The slide in the yen resulting from all this money printing has raised corporate profits many major Japanese firms are exporters and lit a rocket under stock prices.

Higher asset prices, along with optimism fuelled by Abenomics and a cyclical recovery post-tsunami, has cheered up households and businesses.Employment growth is at its highest since 2007; retail sales and small business confidence are also at multi-year highs. GDP growth stands at 4% on an annualised basis. So why has the rally paused in recent weeks?

A key problem has been global jitters caused by the US fiscal stand-off. Declines in risk appetite buoy the yen, which is seen as a safe haven. So the end of the stand-off is good news.

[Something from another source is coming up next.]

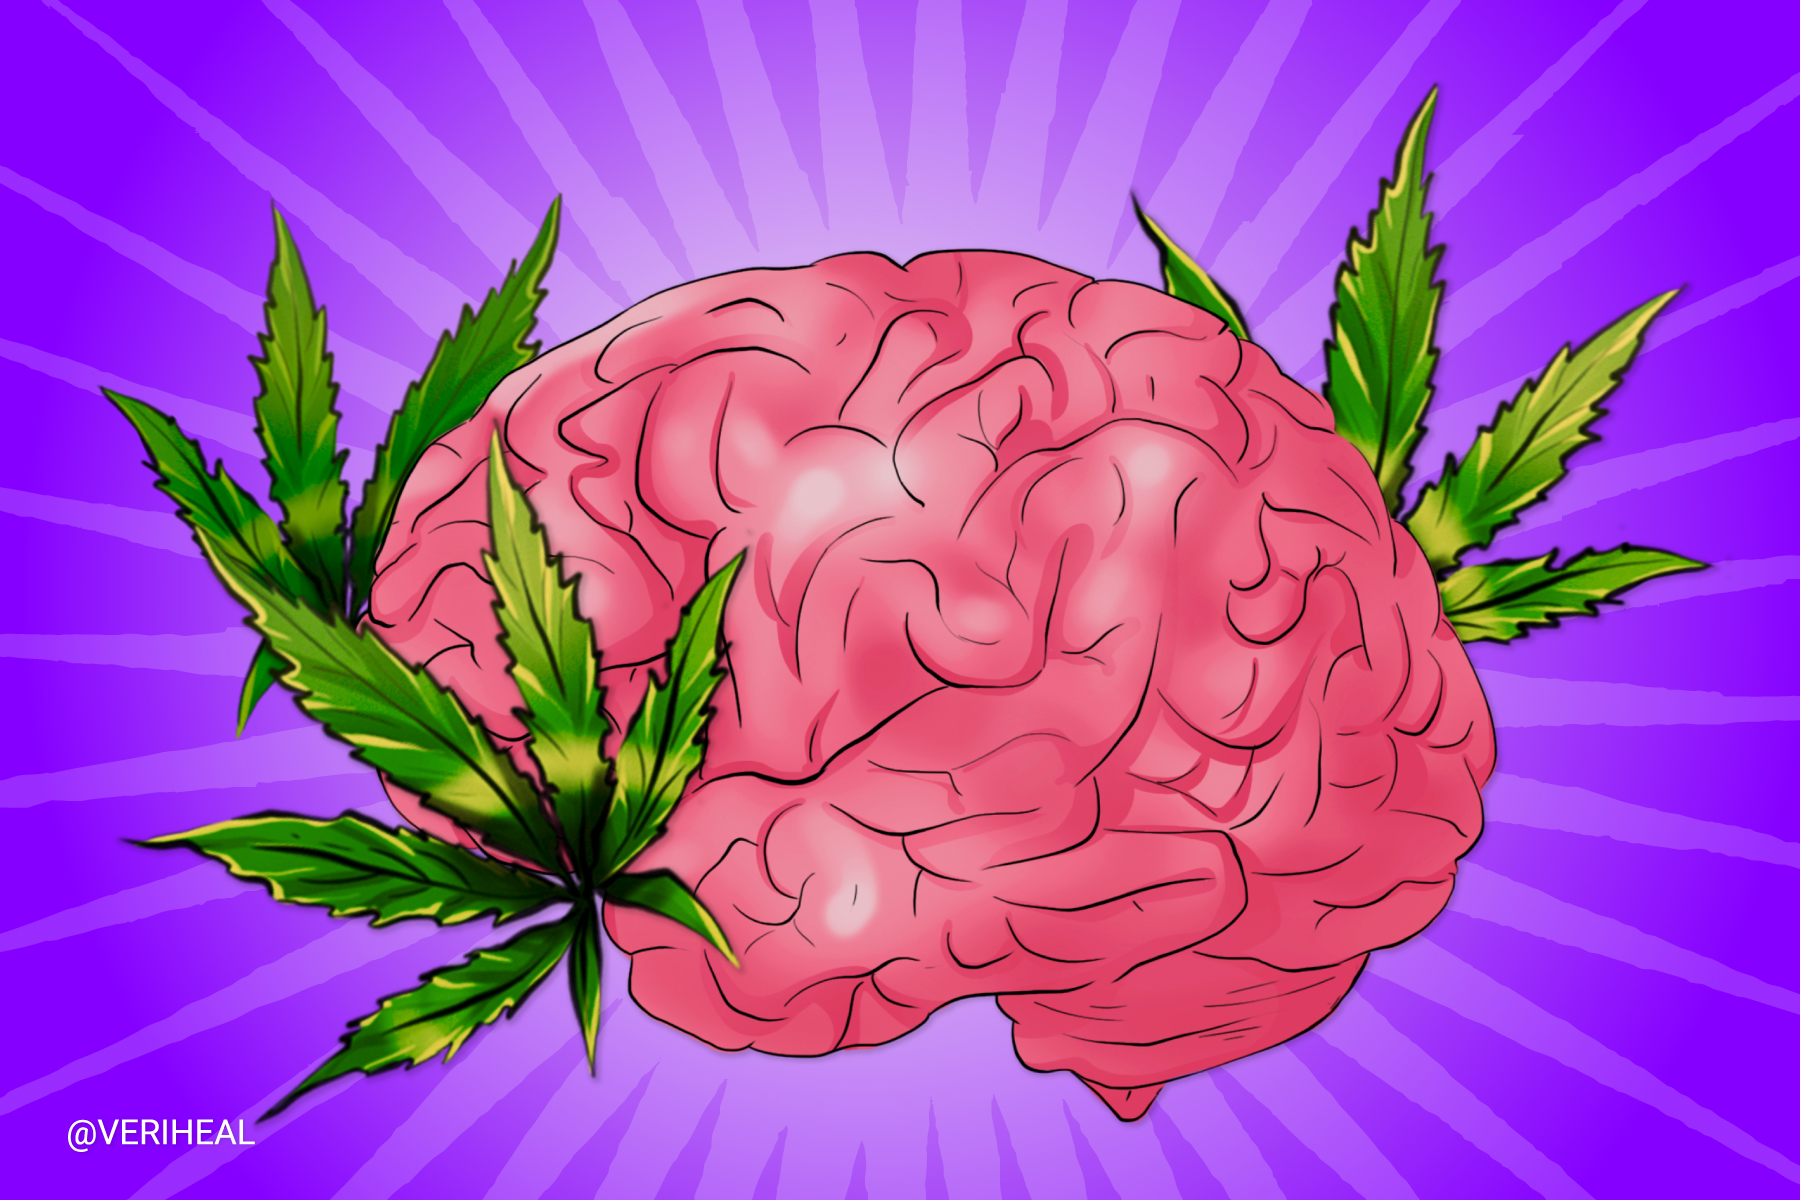 Scientists Say That Cannabis Won’t Reduce Brain Cortical Thickness

And while risk aversion could flare up again, the big picture is that the US Fed is set to temper its money-printing programme next year, while its Japanese counterpart won't, says Capital Economics. This implies further yen weakness, as does Japan's vanishing current account surplus.

So profit growth should continue, especially since Japan Inc's operational leverage is so high, says Morgan Stanley. For every 1% in revenue growth, profits rise by 3%, compared to 1% in Europe and the US.

More detail on structural reforms, due in December, and reductions in corporation tax should also help. Stocks are also still cheap. The upshot? The Topix "could double" from here.